Бой капитанов - Александр Тамоников 18 стр.


Карахан проводил Масуда.

Вернувшись в комнату, ударил кулаком по столику:

«Вот она удача! Фарт! Всего лишь один год работы на Шестовском сделает из Карахана богатейшего человека. А дальше посмотрим, что делать! Служить или повелевать!»

Карахан принялся собирать вещи.

Глава 10

Москва, суббота, 1 октября.

Транспортный «Ан-24» прибыл в Подмосковье в 21 час 28 минут. Первое отделение группы спецназа «Рокот» покинуло борт и выстроилось возле трапа. К самолету подъехали «Газель» службы и автомобиль ее руководителя. При появлении Купавина майор отдал команду:

– Товарищи офицеры!

И пошел навстречу генералу. Остановившись в трех шагах от начальника, вскинул руку к берету.

– Товарищ генерал…

Купавин остановил майора:

– Отставить доклад. Мне и так все известно о действиях отделения по отражению штурма банды Есаула. Прикажи подчиненным сесть в «Газель». Там они переоденутся, и микроавтобус развезет ребят по домам.
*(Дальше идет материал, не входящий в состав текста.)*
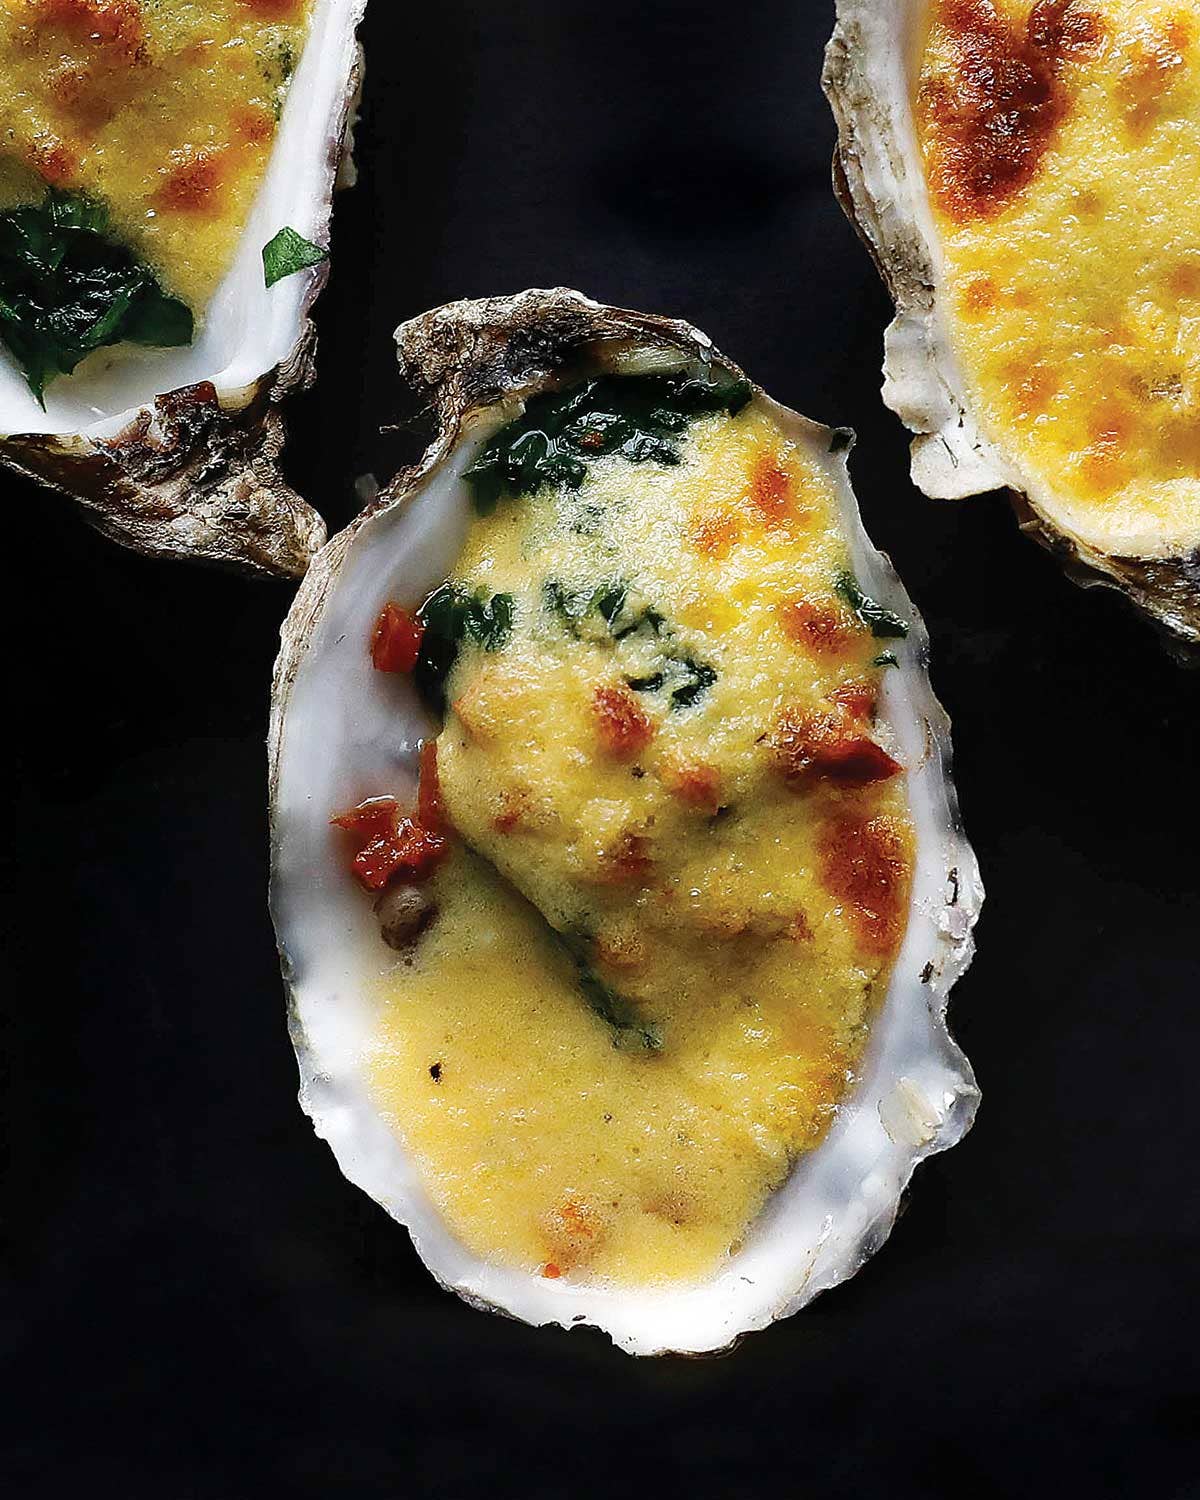 Broiled Oysters with Spinach and Brown Butter Hollandaise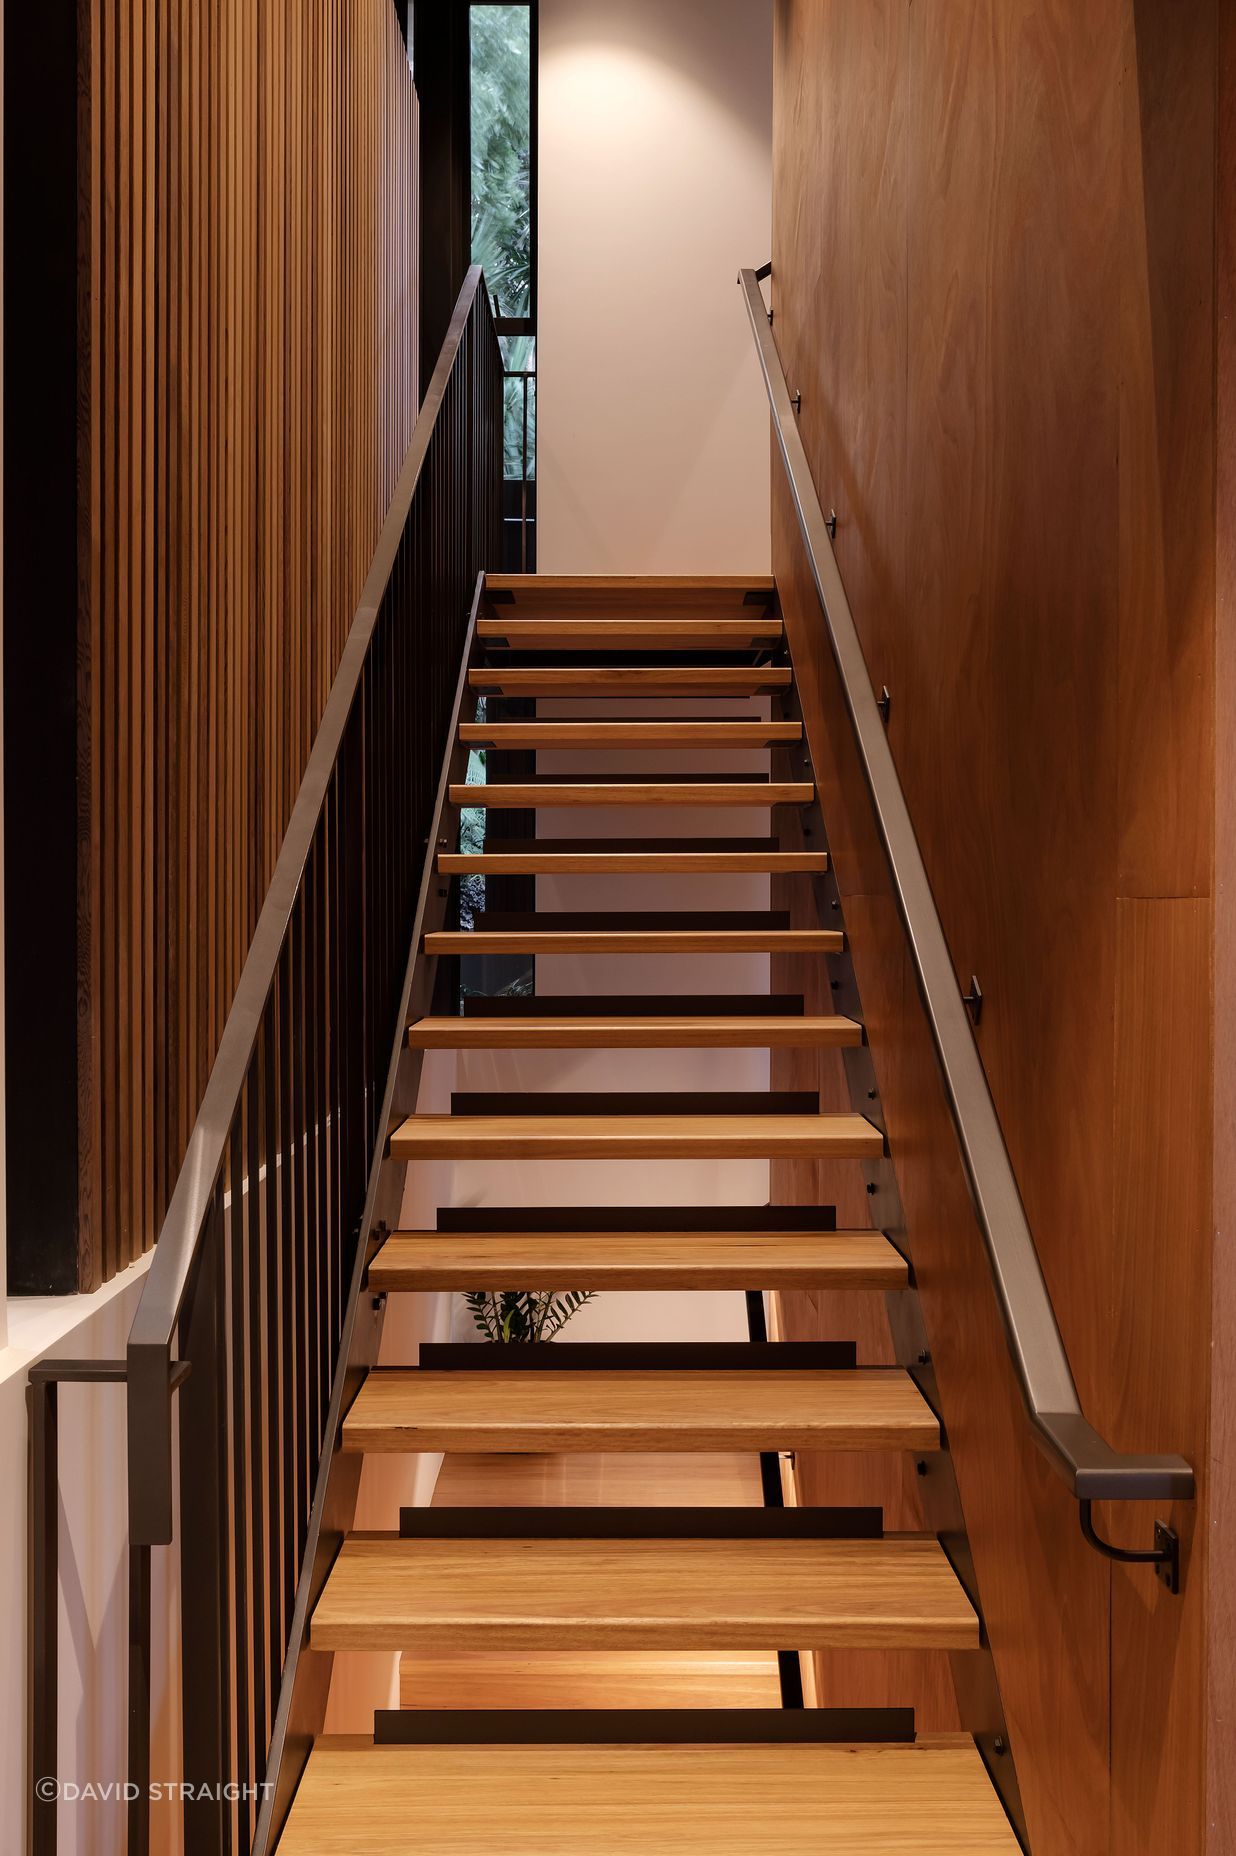 The open treads of the stairs to the main bedroom let light through. There is also a platform lift in the house: convenient now and for easier upstairs access if needed in the future.

Тебя прошу проехать в штаб. На моей машине.

Полухарова насторожил голос генерала. Какой-то смущенно-виноватый. Не присущий Купавину.

Майор спросил:

– Что-нибудь случилось, Вячеслав Юрьевич?

Генерал ответил:

– Обо всем поговорим в штабе. Твоя гражданка у меня, так что разберись с подчиненными, и едем!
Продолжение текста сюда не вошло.